Material provided =>
▬▬▬▬▬▬
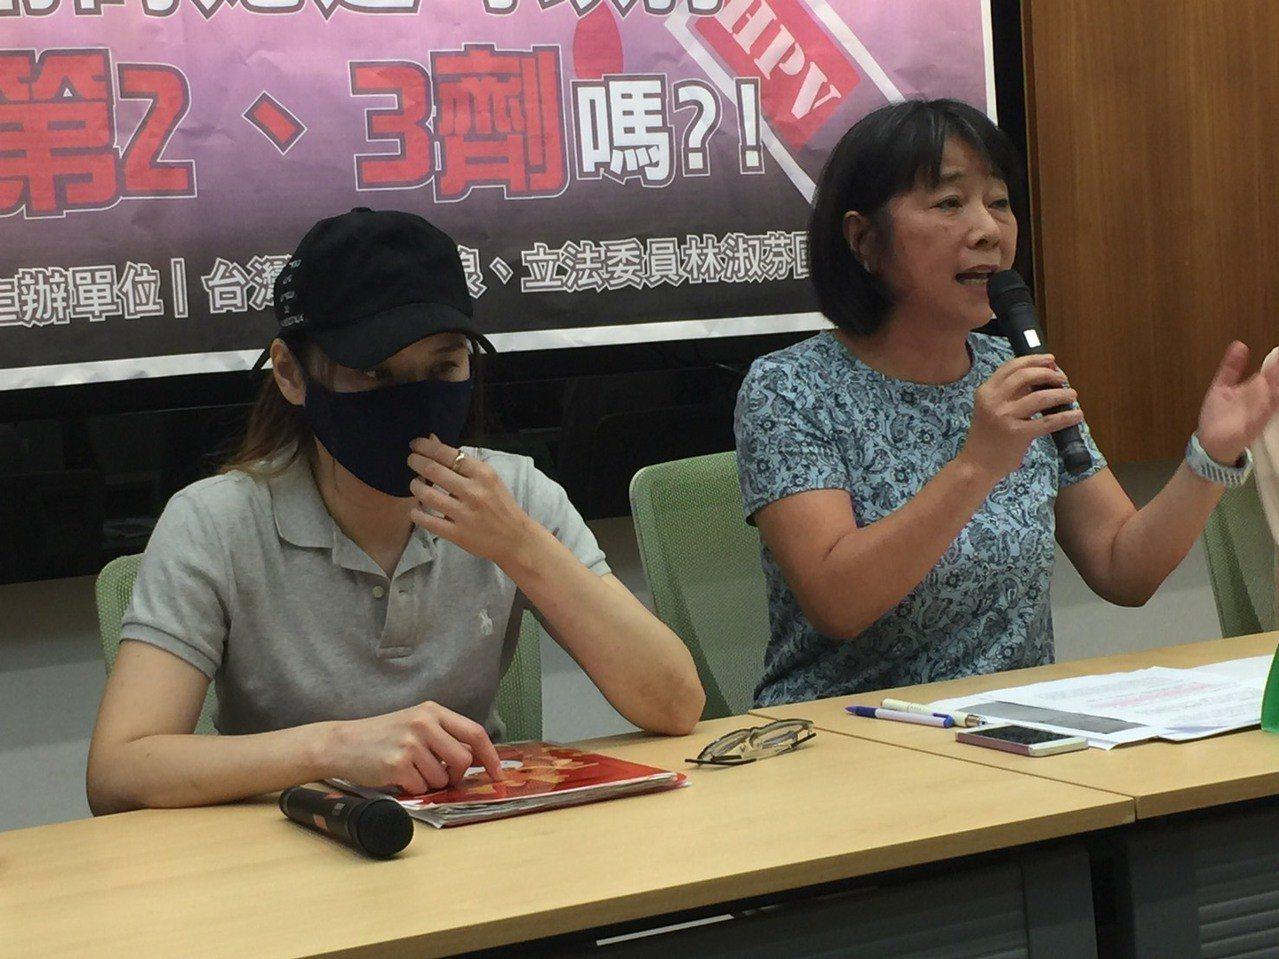 年約40歲的陳姓女子(左)疑似施打9價子宮頸疫苗後,出現嚴重不良反應,由於她是在...
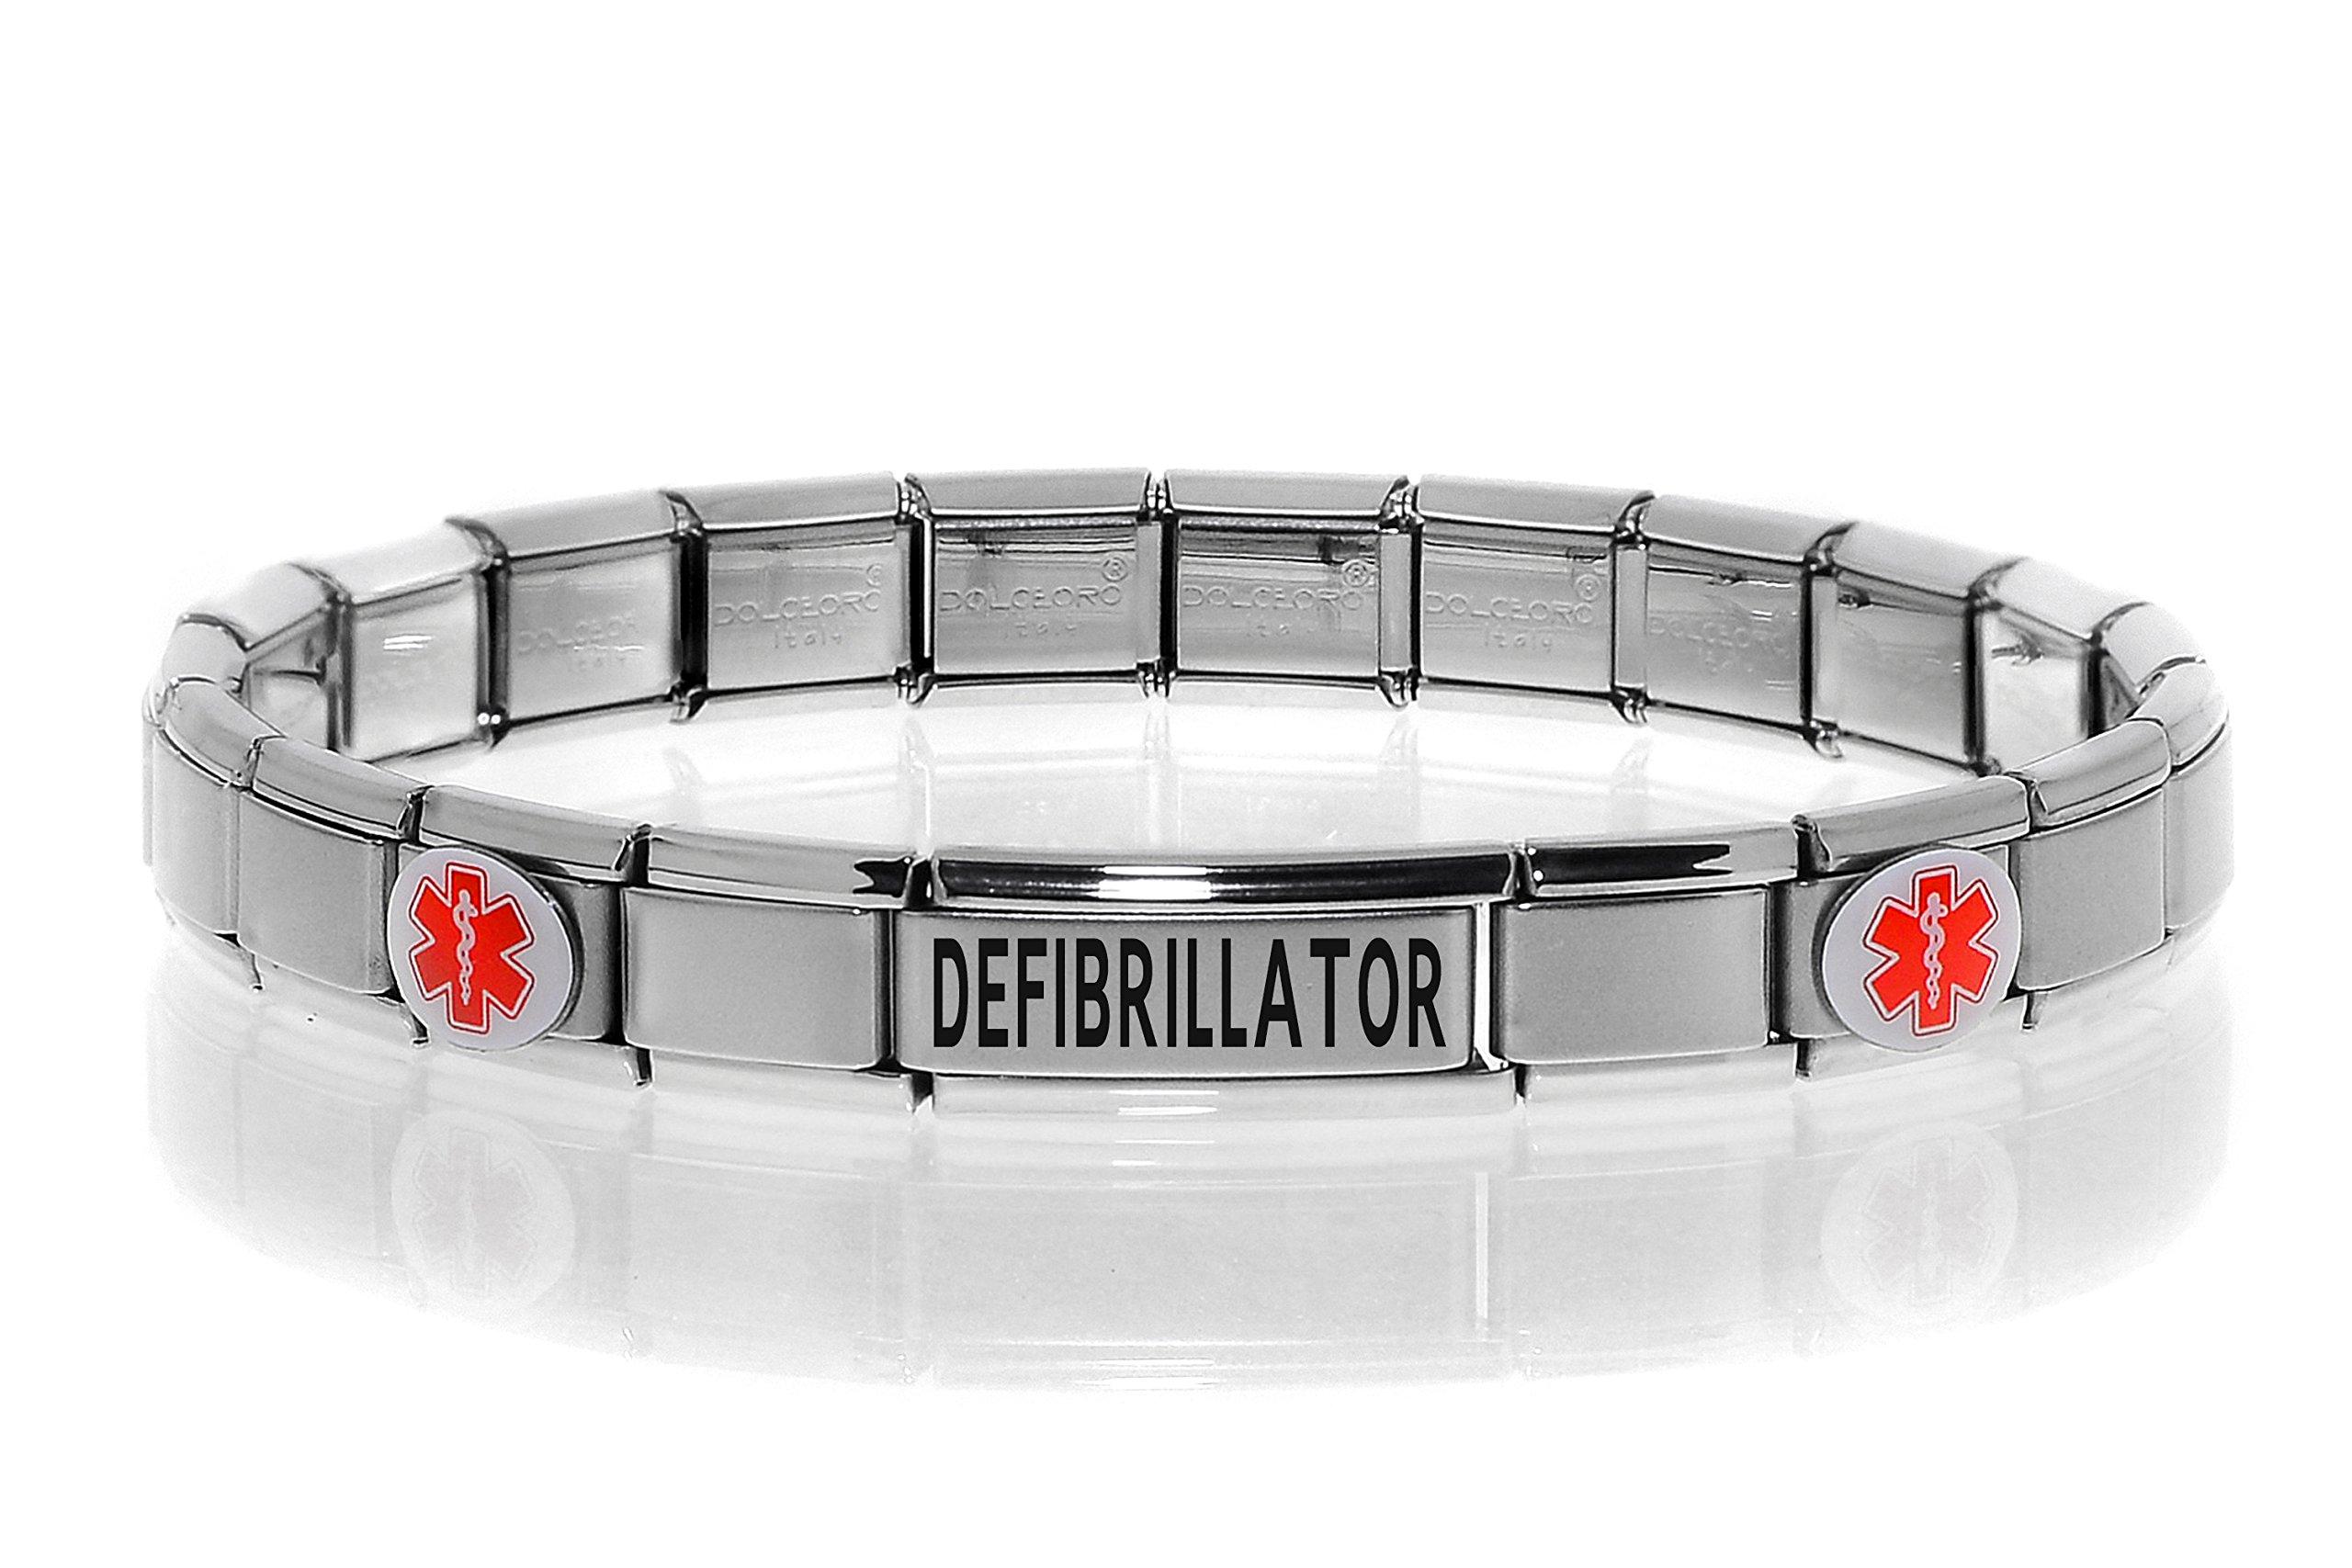 Dolceoro DEFIBRILLATOR Medical Alert ID Bracelet - Italian Style Modular Link Bracelet
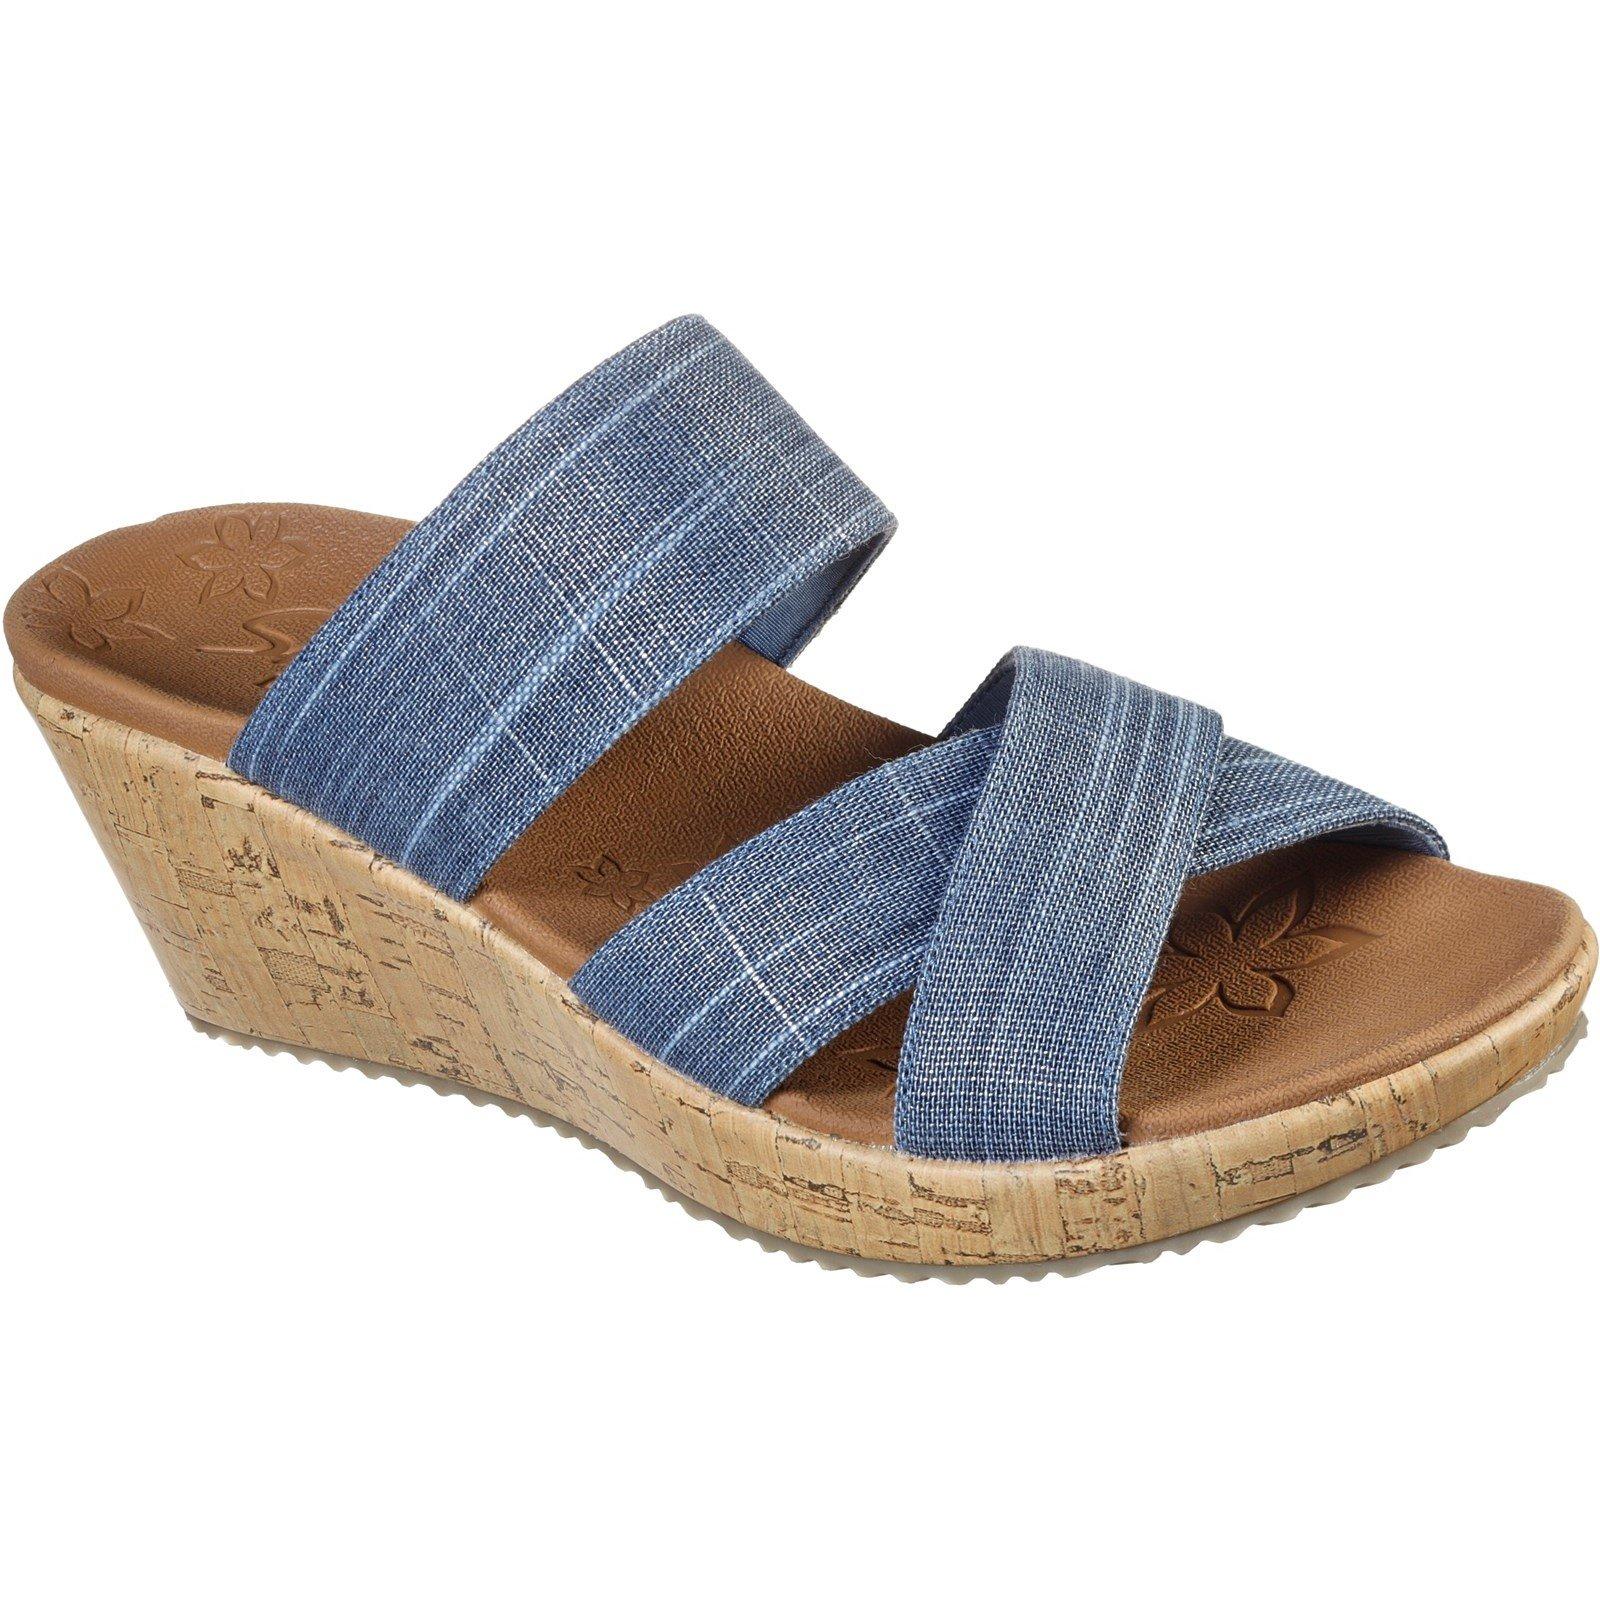 Skechers Women's Beverlee Canyon Dangle Summer Sandal Various Colours 32172 - Navy 8
▬▬▬▬▬▬
What the exercise asks =>
Once the pictures are set aside, give the rest of the listing again exactly.

Answer to this exercise =>
 年約40歲的陳姓女子(左)疑似施打9價子宮頸疫苗後,出現嚴重不良反應,由於她是在...
 Dolceoro DEFIBRILLATOR Medical Alert ID Bracelet - Italian Style Modular Link Bracelet
 Skechers Women's Beverlee Canyon Dangle Summer Sandal Various Colours 32172 - Navy 8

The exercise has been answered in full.